HACKER Q&A
📣 trail477

How to properly train for job interviews?


I am growing beyond frustrating with my job search the past 2 years. A StartUp I worked for ran out of money, so I applied at around 55 companies over the span of 2 months.

I got interviewed by around 12 of them. What I found frustrating is:

I did 4 coding challenges in one week. Companies who would have paid me less than the job I got rejected my challenges, whereas the company I landed the job, accepted it. So no real signal on to how I "can" perform?

Now I got contacted by a few recruiters for interesting companies, and I just wanted to test the waters and went through some coding challenges. 2 companies rejected my technical interview, and I am at a loss. I submitted a coding challenges, didn't think they would invite me to the next step, but they did. I talked about the challenge, what I would change to improve it etc. Was really feeling good afterwards. Now I got a rejection E-Mail saying that they saw some "gaps" in my answers.

I literally have no clue. Like, this is my day job. My current company is very happy with me. And yet, another company thinks I am not good enough and sees some "gaps" in my technical ability?

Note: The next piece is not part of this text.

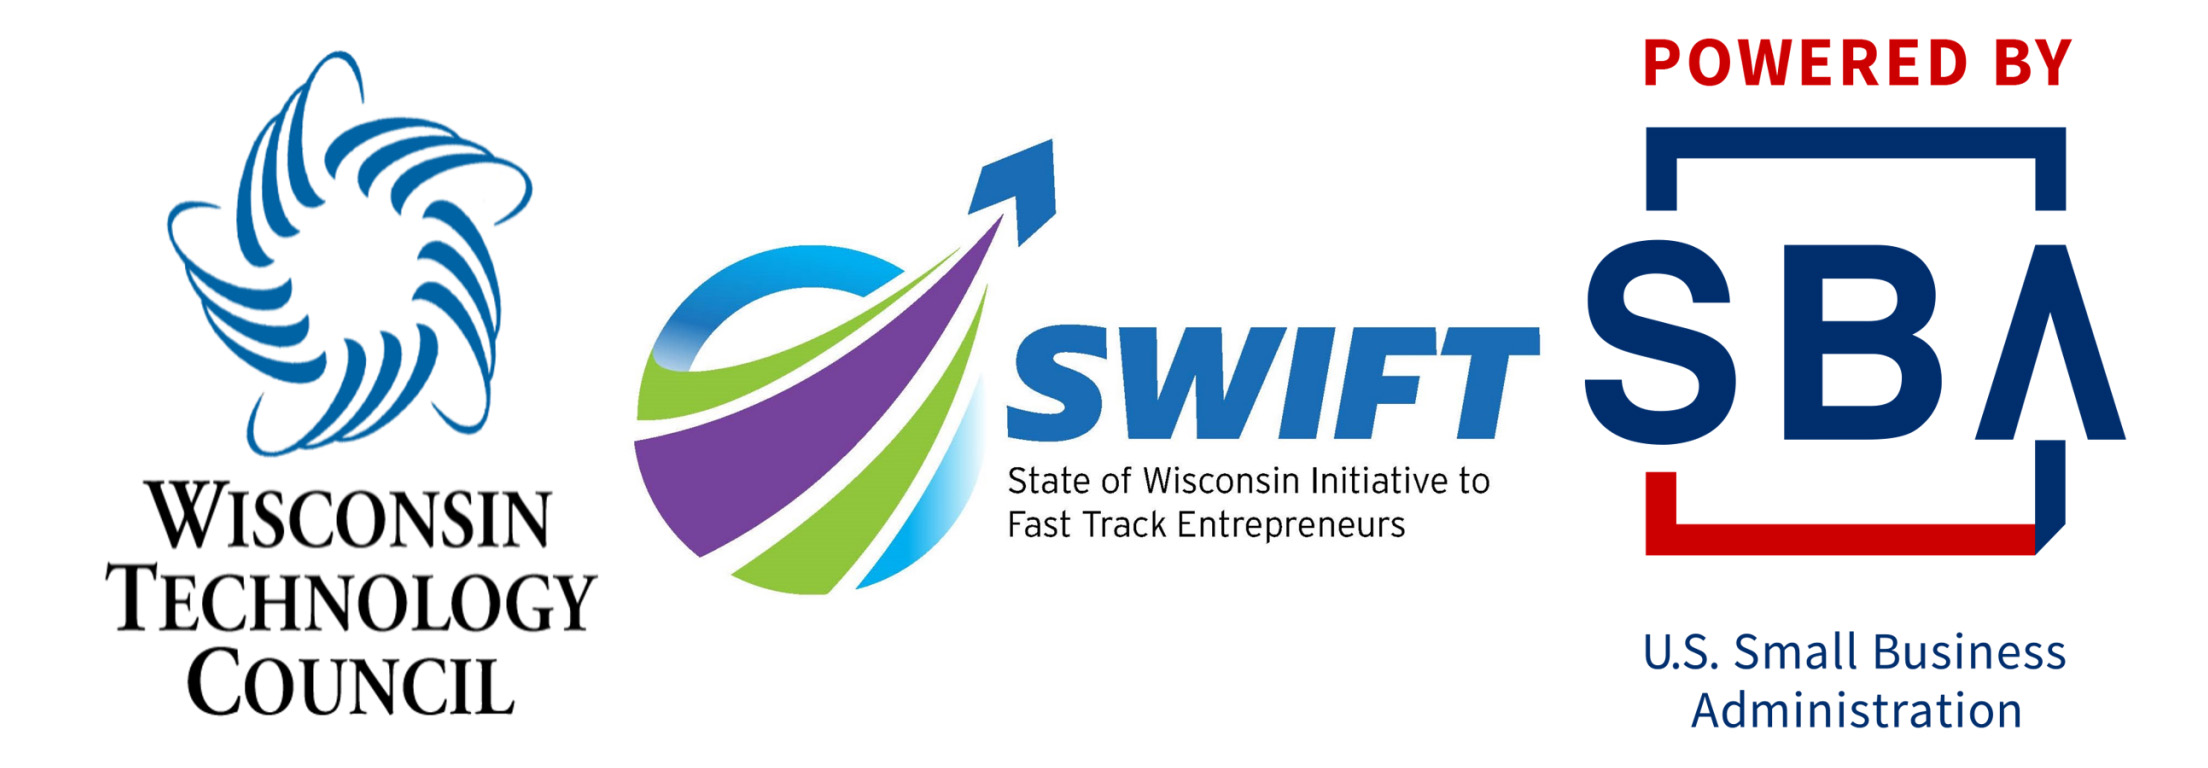 WTC-SWIFT-SBA-combined-logos

I am an engineer, I love critical feedback so I can improve. But the whole interview process around judging once skills seems so arbitrary, that's really hard to tell if I am on a good track or not!

Any advice?


  👤 ssss11 Accepted Answer ✓
It’s subjective. The interviewer(s) opinion is what matters. Not your skills or even the questions. Just what their perception of your responses was, and whether they individually like that or not.

That’s why interviews are so frustrating, there is no “one right way”.

My only tip is try to find the next job while still employed because that circus show can be very stressful if you don’t have a job.